Some notes in advance:

• (i >> 4) divides i by 16, which is the index of the block (of 8 bits) in array that contains the i -th bit
• (i >> 1) divides i by 2
• 7 in binary code is 111
• ((i >> 1) & 7) means "the three rightmost bits of i / 2 ", which is a number between 0 and 7 (inclusive)
• (1 << ((i >> 1) & 7)) is a bit shifted to the left between 0 and 7 times ( 00000001 , 00000010 , ..., 10000000 ). This is the bit mask to set/get the bit of interest from the selected block.

getBit(i) explained

1. First line selects the 8-bit-block (ie a byte ) in which the bit of interest is located.
2. Second line calculates a bit mask with exactly one bit set. The position of the set bit is the same as the one of the bit of interest within the 8-bit-block.
3. Third line extracts the bit of interest using an bitwise AND, returning true if this bit is 1 .

setBit(i) explained

1. Calculation of the 8-bit-block and the bit mask is equivalent to getBit
2. The difference is that a bitwise OR is used to set the bit of interest.

Edit

To your first question:

It almost makes sense now, can you please explain why we are able to find the position of the bit cooresponding to the number i by shifting a bit left ((i >> 1) & 7) times? In other words, i understand what the operation is doing, but why does this give us the correct bit position?

I think this is because of the optimized nature of the algorithm. Since i is incremented in steps of 2, it is sufficient to use half of the bits (since the others would be set anyway). Thus, i can be divided by 2 to calculate the number of necessary bit shifts.

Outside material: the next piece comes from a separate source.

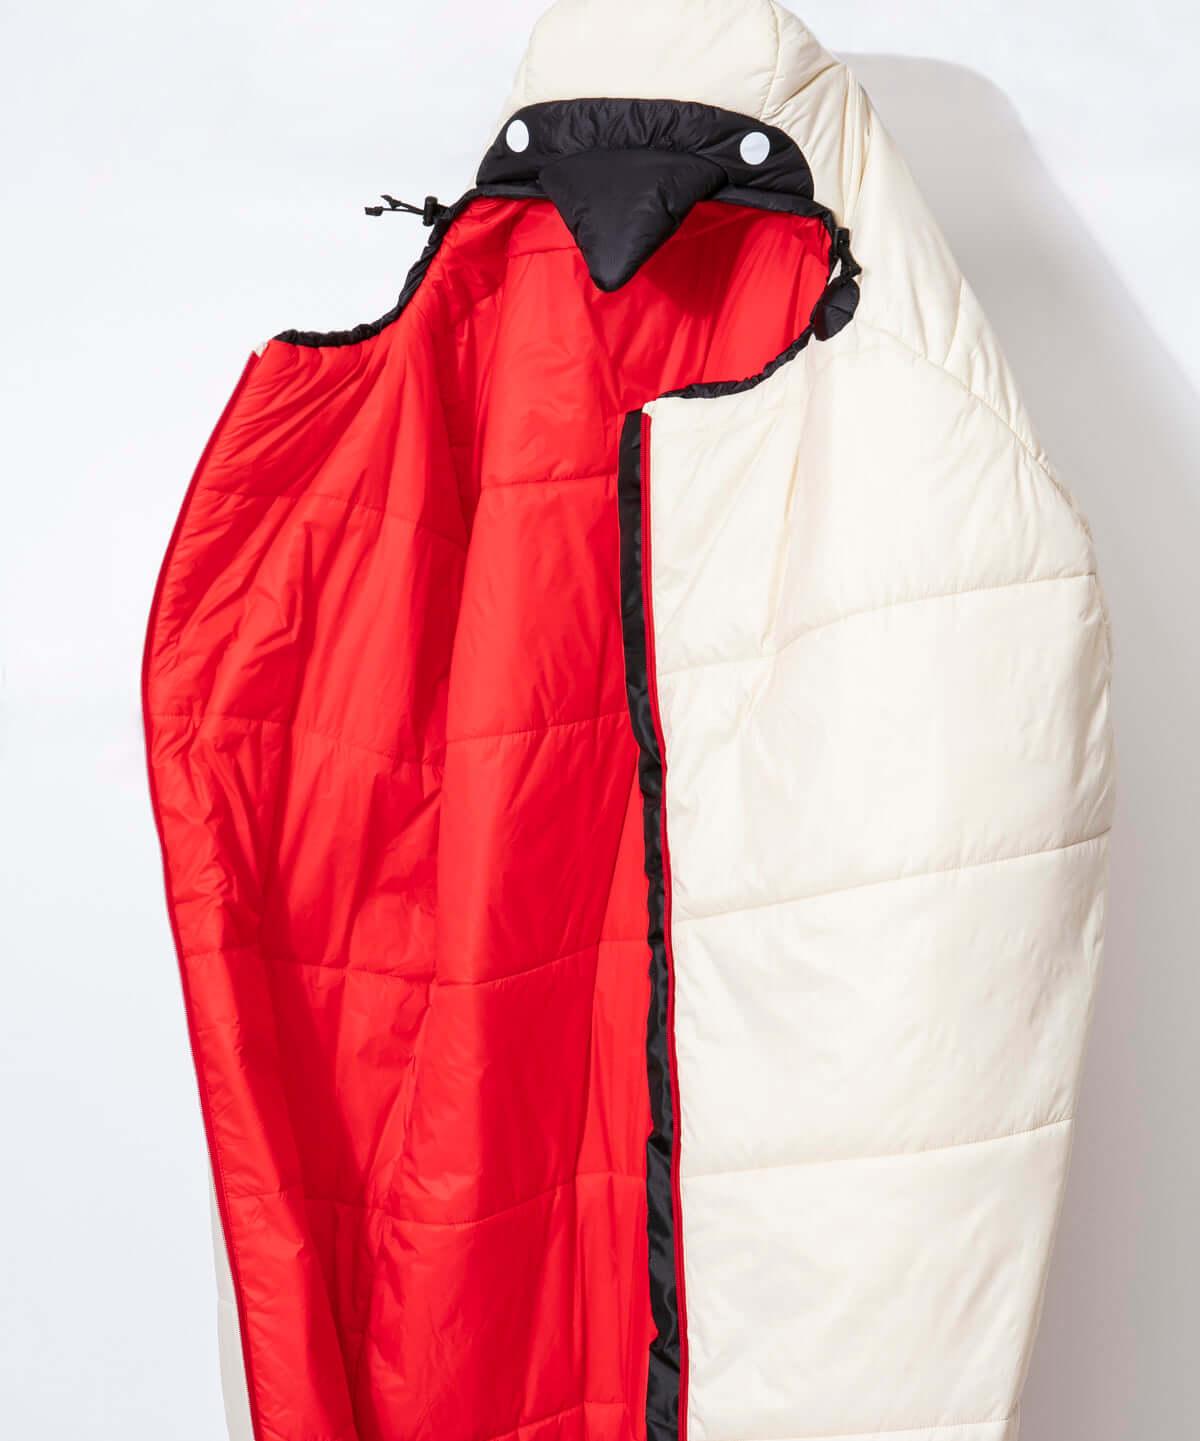 「CHUMS」待望の寝袋シリーズが発売|ブービーバードに変身できる寝袋が登場 life190318_chums_7-1200x1441
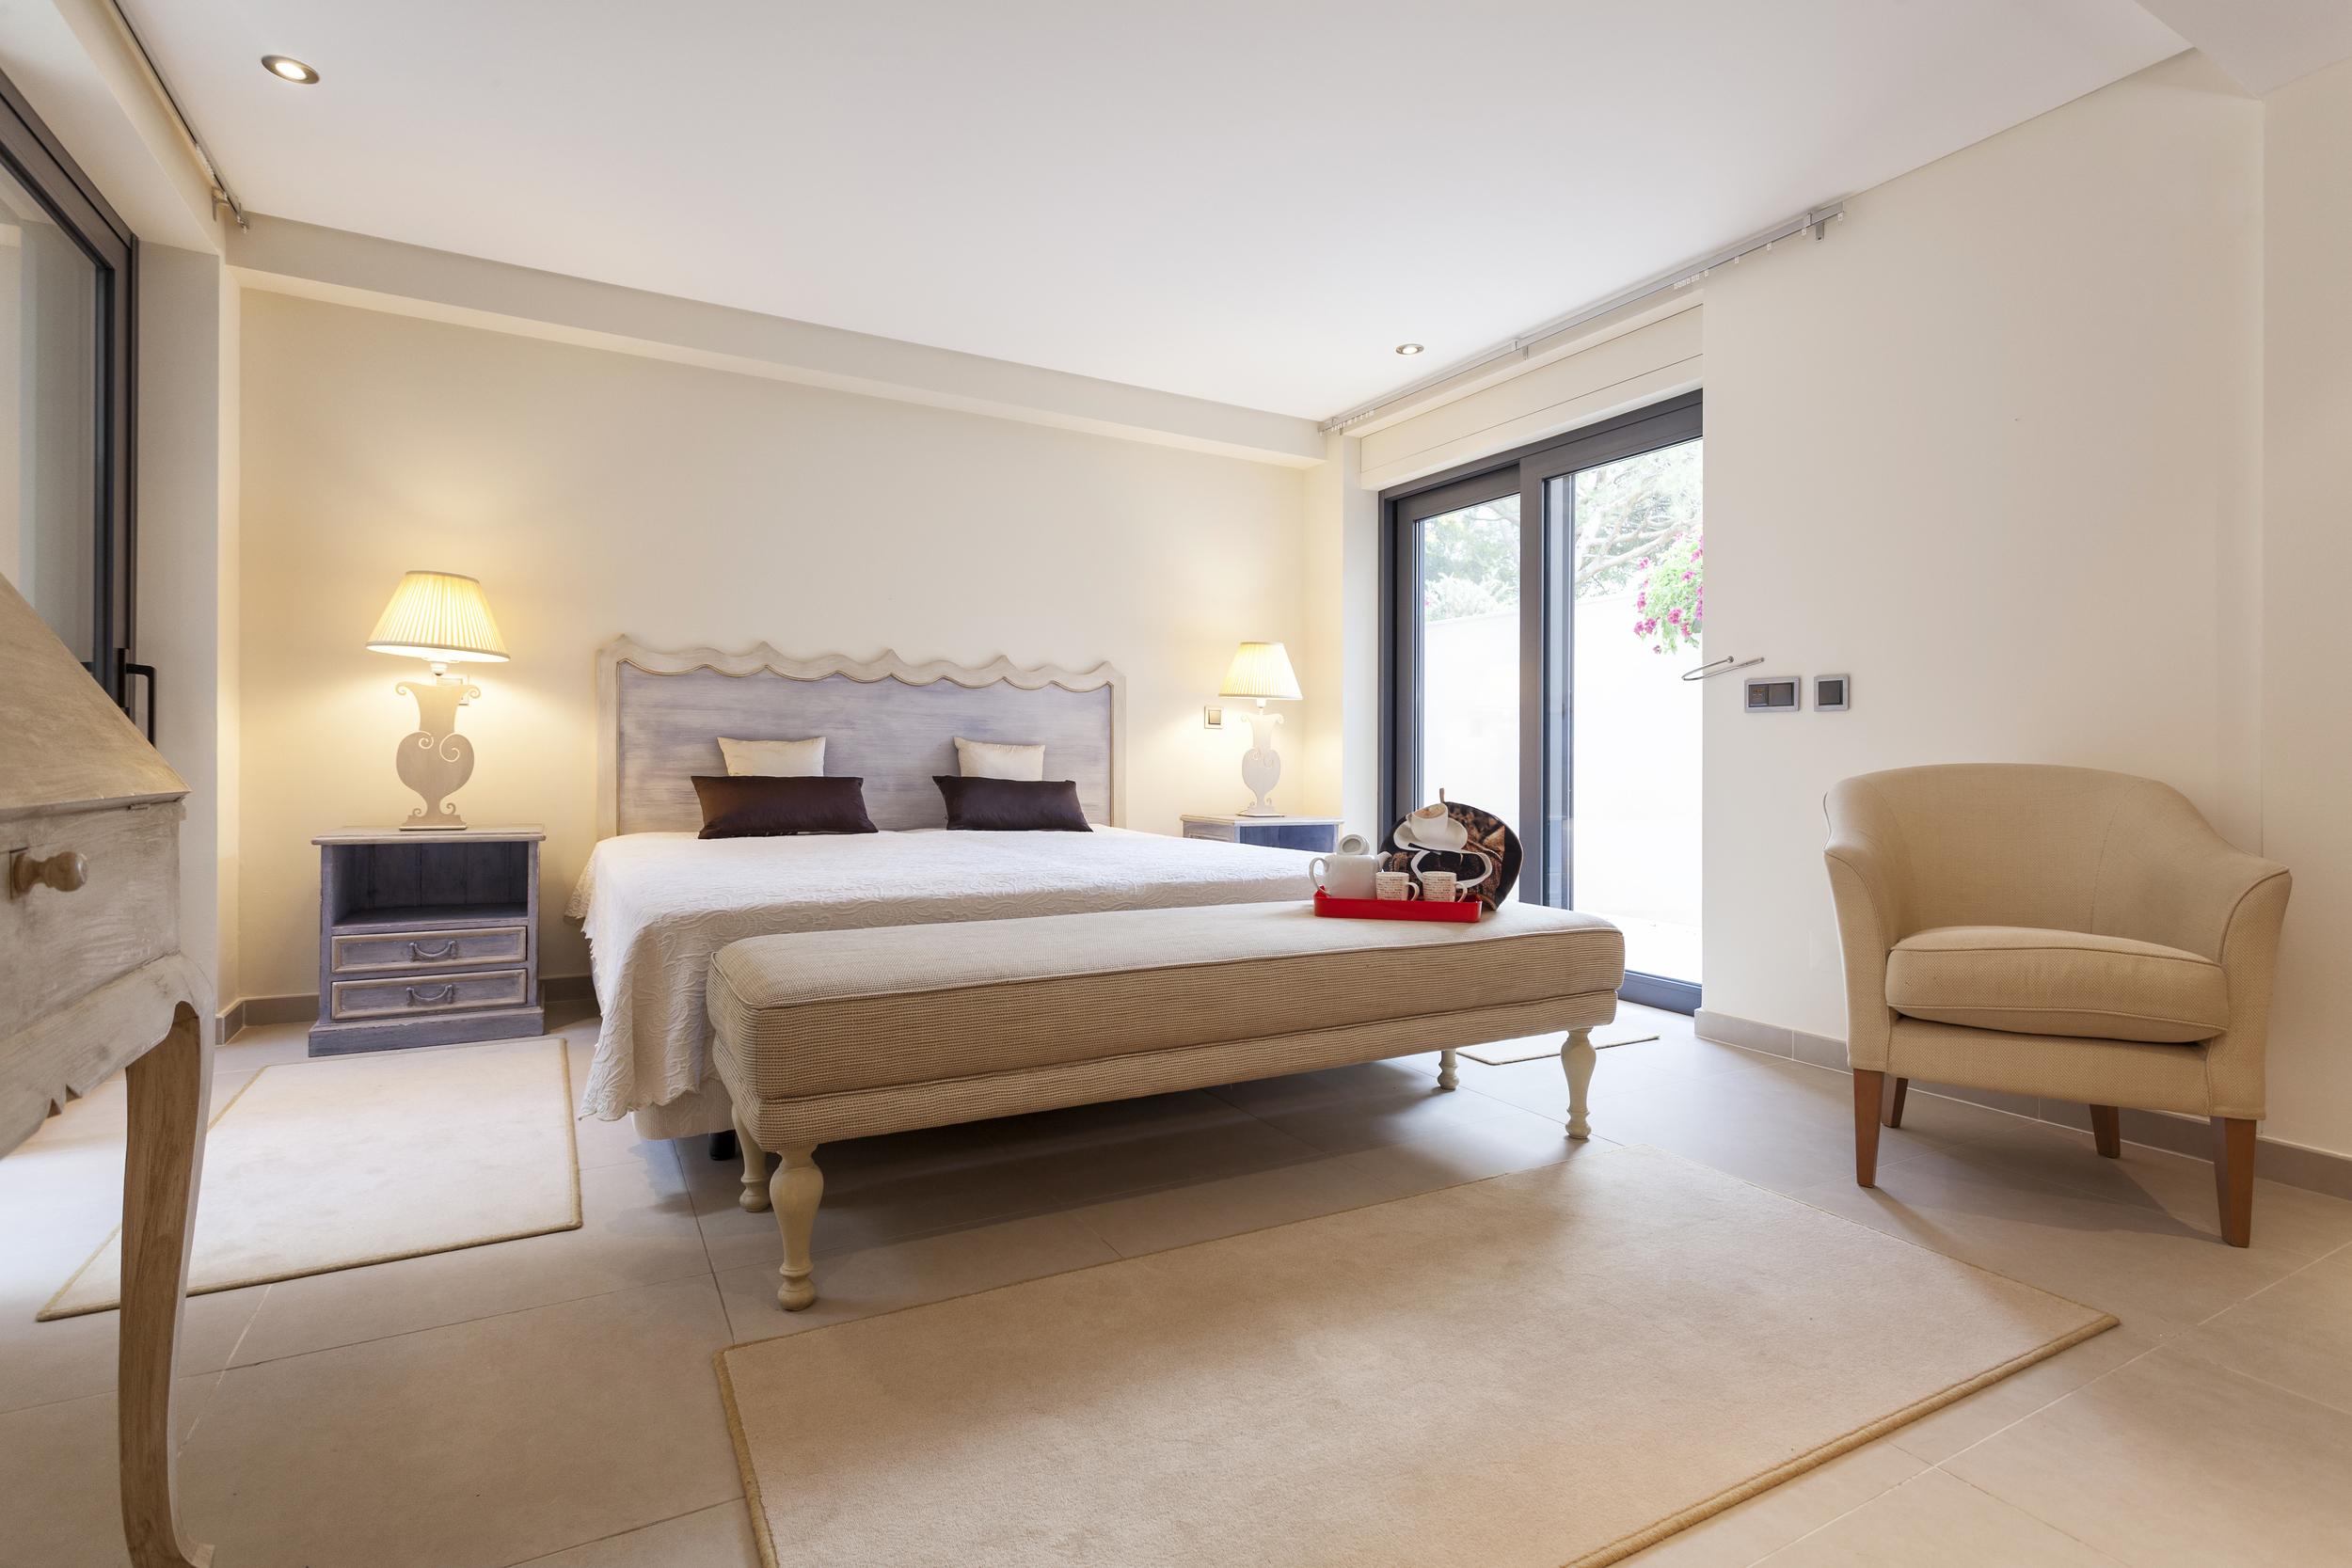 4 bedroom villa to rent in Quinta do Lago, RLV, Villa Serpentine,27.jpg

Regarding your second question:

Also, just to clarify, the reason we increment j by 2*i after each call to setBit is because we only need to set the bits cooresponding to odd multiples of i, right?

Yes, because according to https://en.wikipedia.org/wiki/Sieve_of_Eratosthenes :

Another refinement is to initially list odd numbers only, (3, 5, ..., n), and count in increments of 2p in step 3, thus marking only odd multiples of p.

Your algorithm starts with 3, increments i by 2, and counts in increments of 2*i .

I hope this helps!